Forgot....slabs from the mill!









Scott (kickin' Green Ash) B

Reactions: Like 1 | EyeCandy! 5 | Way Cool 1


----------



## Kevin (Jun 20, 2014)

Scott if you come up with some cherry burl large enough for some door panels let me know. I fell in love with cherry burl over the past couple years. I need want some more.

Reactions: Useful 1


----------



## woodtickgreg (Jun 20, 2014)

I never tire of seeing fresh cut lumber straight off the mill. Very cool Scott.

Reactions: Thank You! 1


----------



## HomeBody (Jun 21, 2014)

First green ash I've seen milled. Wow! Is all green ash that nice? I'm thinking green ash gunstocks. Gary

Reactions: Creative 1


----------



## SDB777 (Jun 21, 2014)

Kevin said:


> Scott if you come up with some cherry burl large enough for some door panels let me know. I fell in love with cherry burl over the past couple years. I need want some more.



Not sure what the inside will look like, and I certainly don't know how big a 'door panel' should be? In fact, I didn't even bother to measure the chunk I brought home. But the photo with it sitting in the truck bed, might possibly give it a scale in size(the bed is 48" across between the wheel-well).




HomeBody said:


> First green ash I've seen milled. Wow! Is all green ash that nice? I'm thinking green ash gunstocks. Gary



First Green Ash I have milled too! But it does fade quite a bit once it starts drying(like just about every timber I have milled that looks so vibrant when it is first cut open). But I'm sure some 'oil' could be put on and some of the brilliance would "pop" back up? The timber certainly would give any hard 'thumping' firearm something to calm it down....did I mention, it was heavy!

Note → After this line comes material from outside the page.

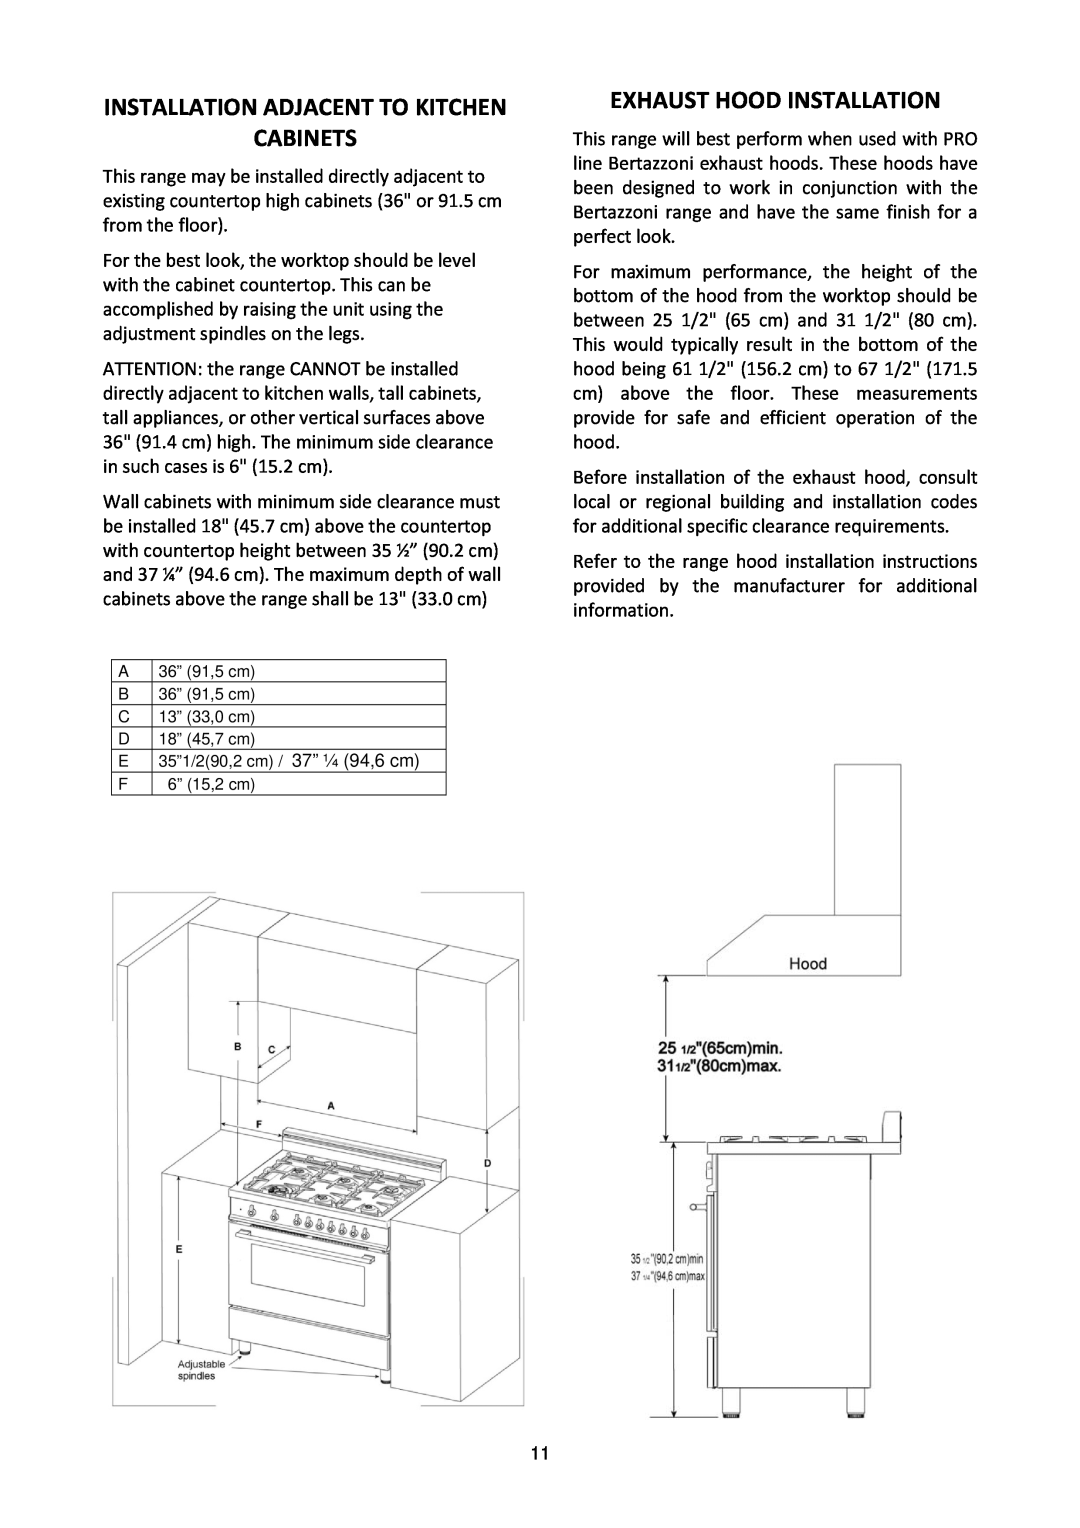 Bertazzoni MAS365GASXTLP, MAS365GASXELP manual Installation Adjacent To Kitchen Cabinets, Exhaust Hood Installation

Scott (wait until I crack open that Sassafras) B


----------



## Kevin (Jun 21, 2014)

Anything wider than 6" and 12" long. I would make matched panels. I want to go on a Krenov style tear whenever I can start woodworking full time hopefully in the next couple years. Just hoarding stockpiling for that day. I want to build maybe a dozen more that style before I get bored and move on to something else . . . . .


----------